Зимний день уходил, снежное раздолье погасилось сумерками, на торговых улицах зажигались фонари. Странный день! Ночью он вернулся из Усолья, короткий сон и несколько часов за столом — Бабушкин писал письма в Читу и в Красноярск, обращение к солдатам гарнизона от рабочего стачечного комитета. А потом — к чугунным решеткам особняков, к тяжелым дубовым дверям, на паркеты и ковры, в мир враждебный, настороженный, уклончивый и потрясенный. Можно ли представить себе в этакой роли Баумана? Или Григория Петровского из Екатеринолава? Или порывистого Горовица? Даже Бабушкина, недавнего жителя Охты, Смоленска или Орехова? А нынче и это возможно, жизнь отворила замкнутые двери, и в этом хождении — веселящая сердце дерзость.

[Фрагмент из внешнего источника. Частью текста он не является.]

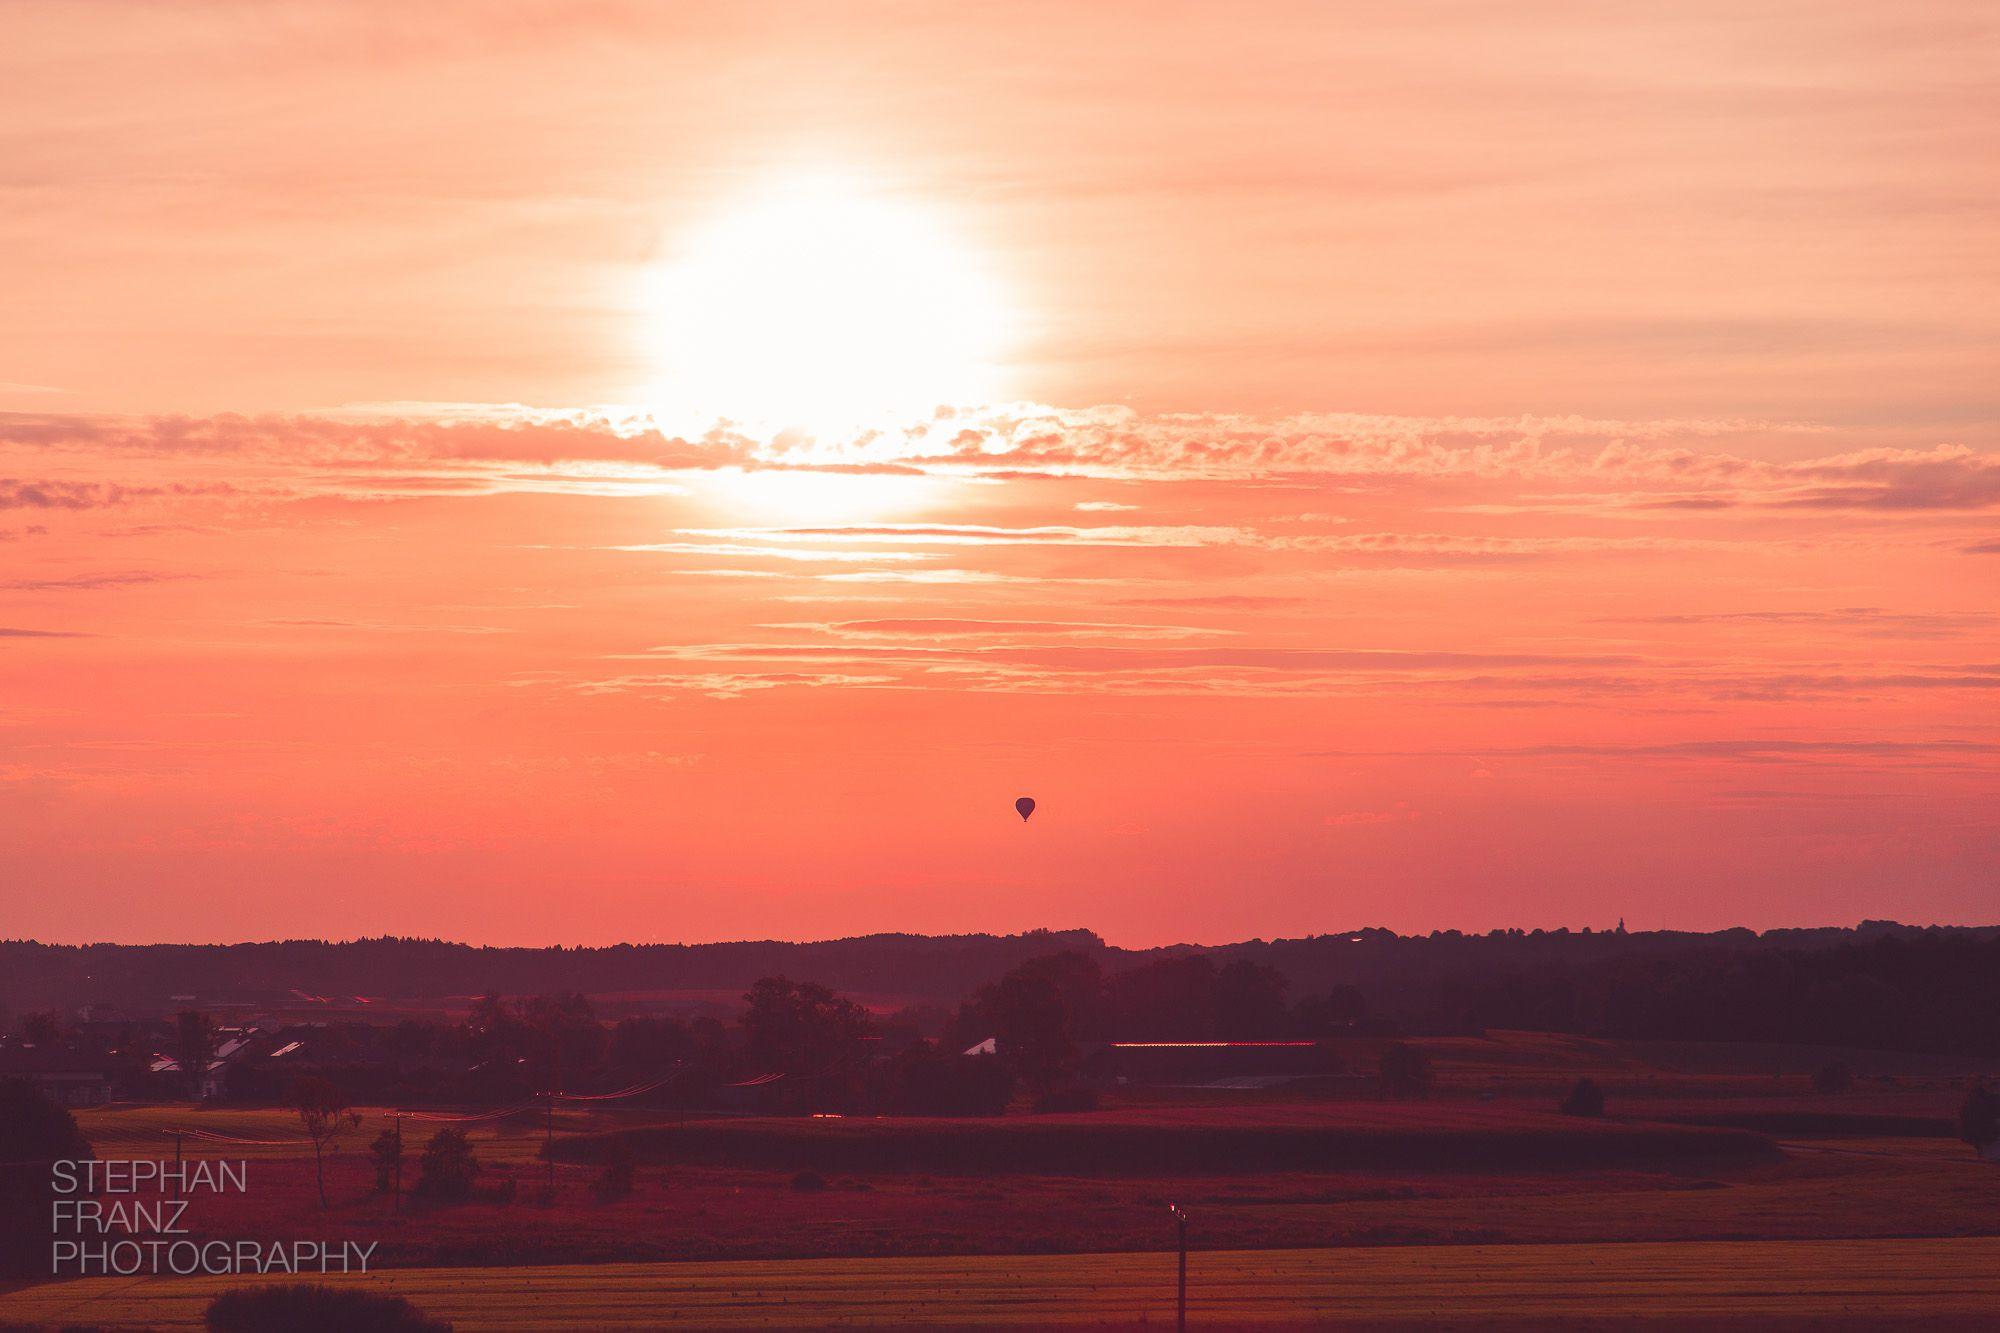 Sonnenuntergang-Ballon-Bayern-Stephan-Franz-Fotograf-Photography-2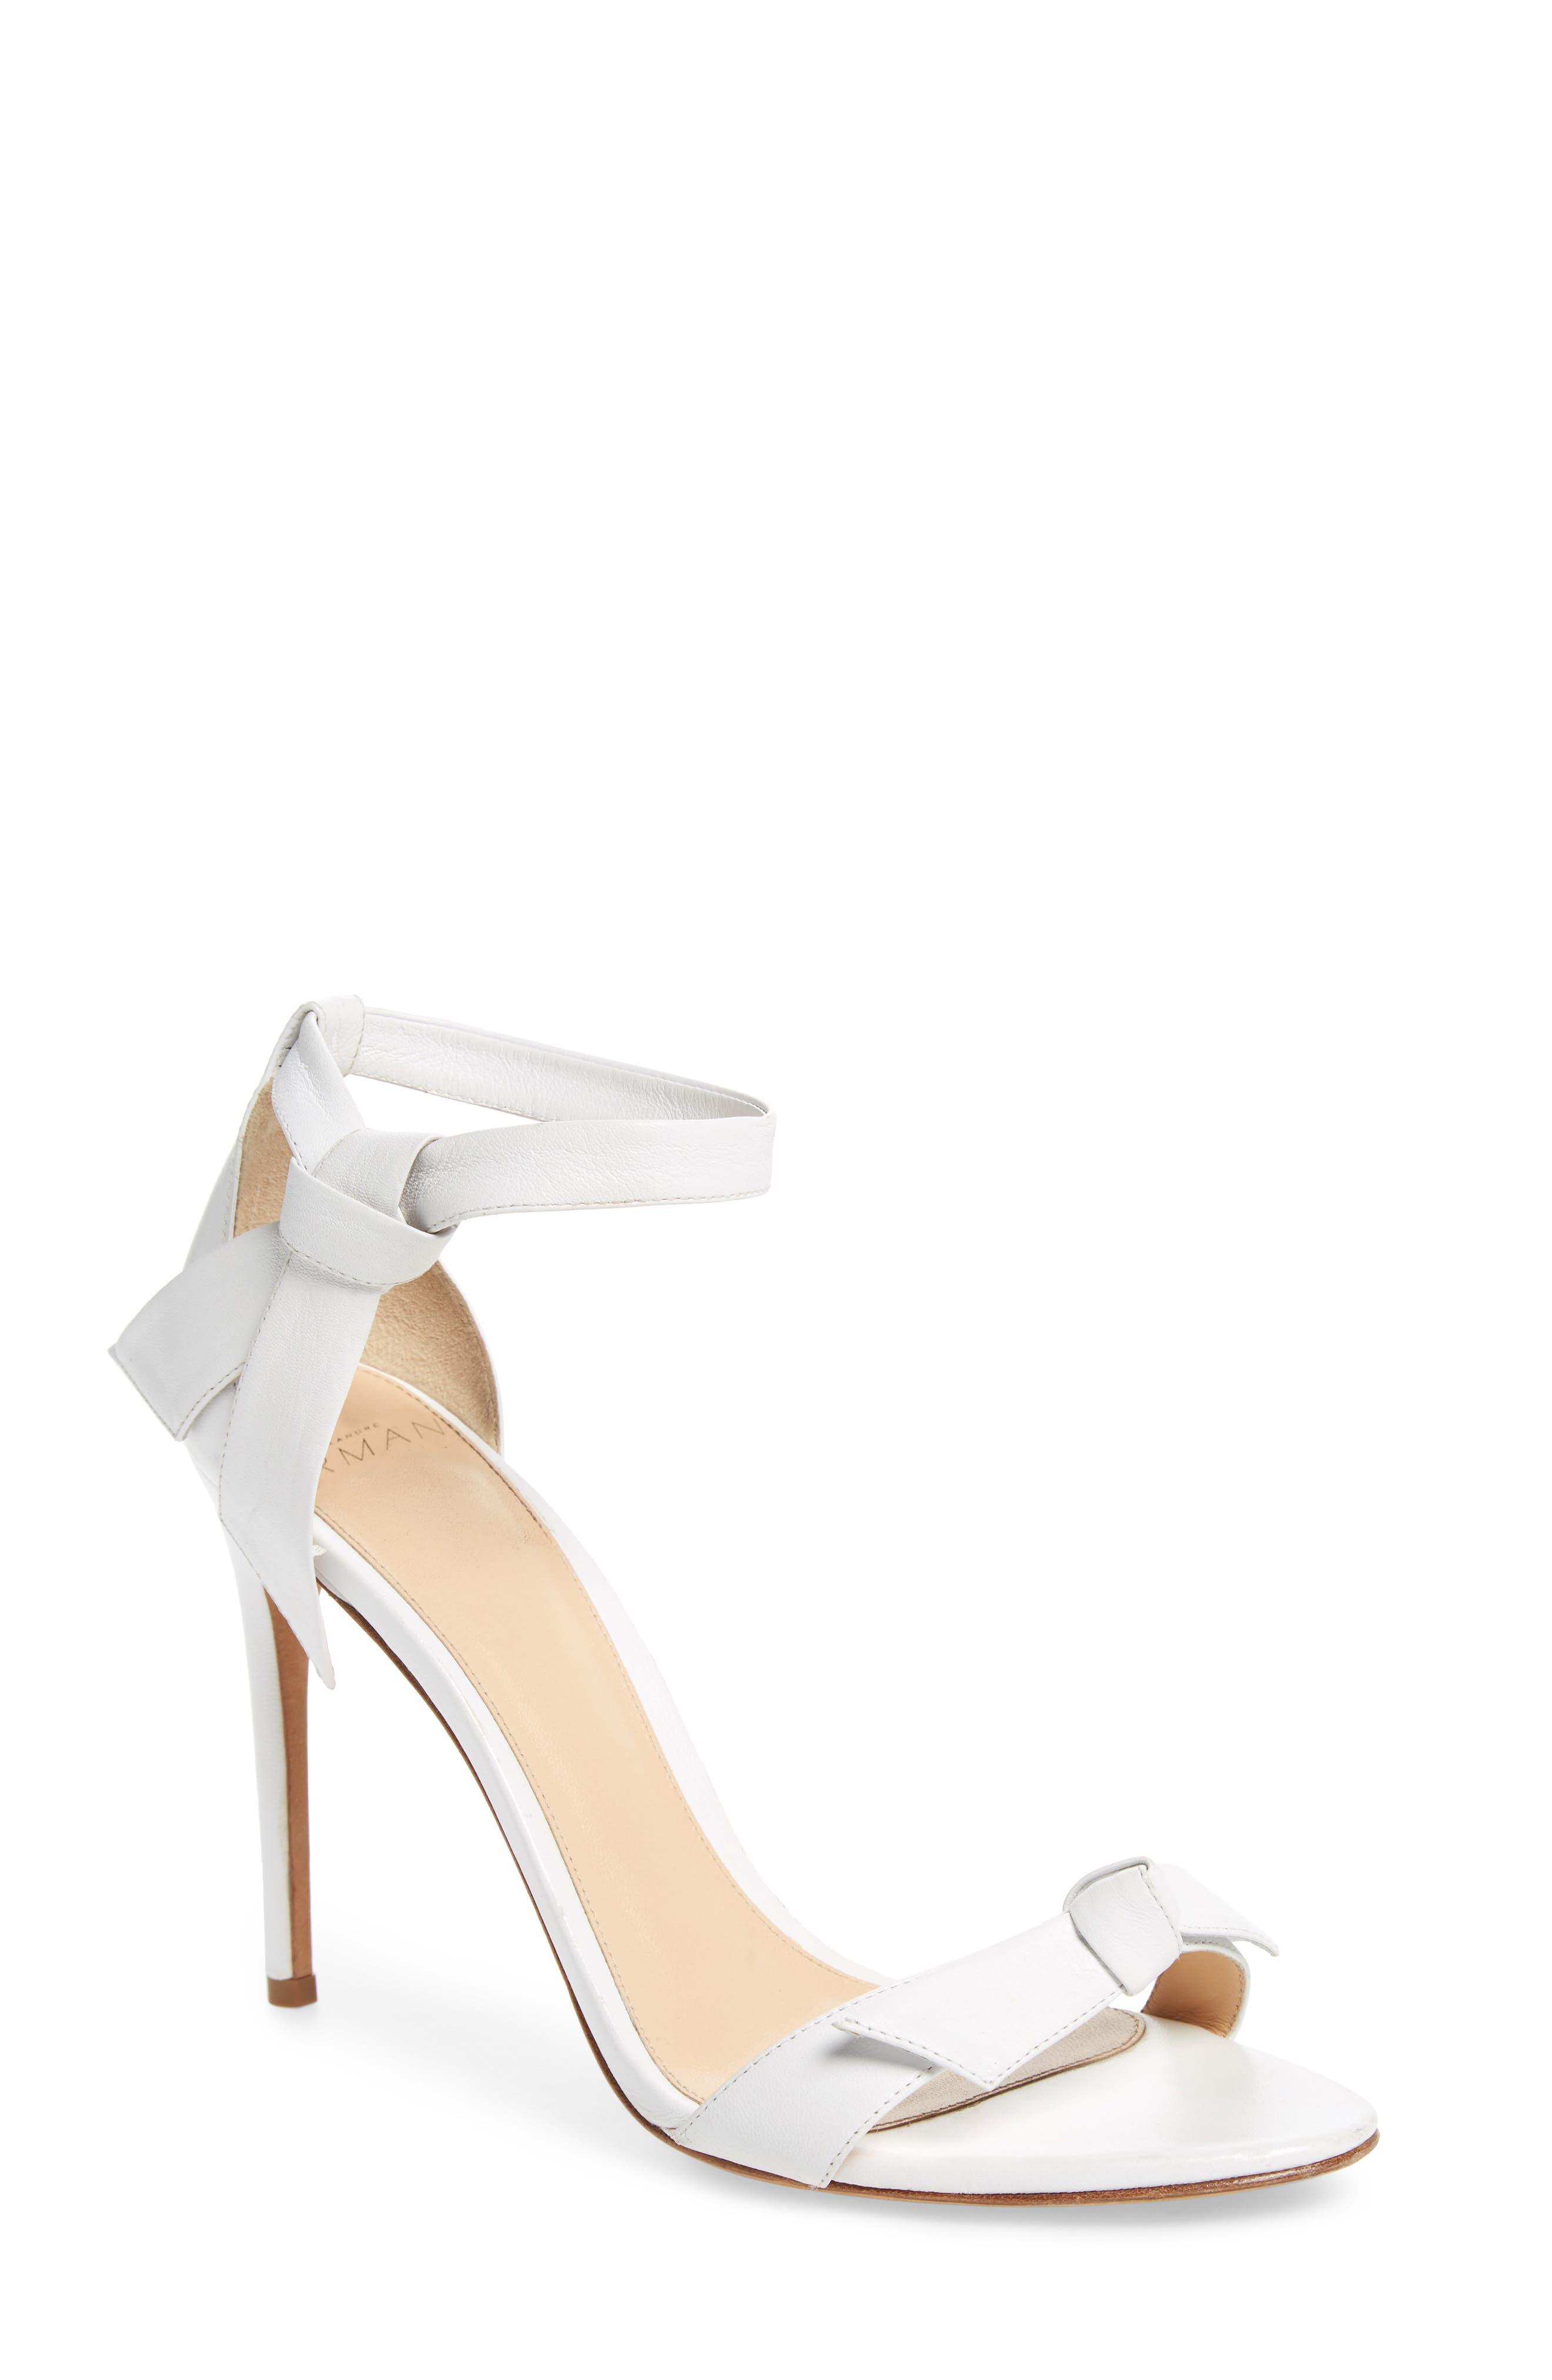 ALEXANDRE BIRMAN, 'Clarita' Ankle Tie Sandal, Main thumbnail 1, color, WHITE LEATHER

Они распрощались. Бабушкина ждали в Ремесленной слободе за Ушаковкой. Но не успел он еще отойти мыслями от опечаленных глаз Алексея, как навстречу из дверей парикмахерского заведения, невольно преграждая ему дорогу, шагнул доктор Мандельберг. В расхристанной шубе, пахнущий одеколоном, выбритый и помолодевший, в шапке, брошенной на голову небрежно, набекрень, безотчетно добрый, он рокотнул добродушно: «Прости, милейший», — и тут же узнал, заговорил обрадованно:
— Поверите, сижу в кресле и думаю о вас. Пока мне скоблят щеки, пока режут самсоновы кудри, думаю о вас, о превратностях судьбы. Вы — прямо? — спросил он и, не дожидаясь ответа, предложил: — Провожу вас, остыну после экзекуции. Люблю морозец, и как не любить, в лисьей-то шубе!
И в этом был его ум: забежать вперед, сказать со снисходительным смешком в свой, не в чужой адрес.
— Чем же я так ваш ум занял? — спросил Бабушкин.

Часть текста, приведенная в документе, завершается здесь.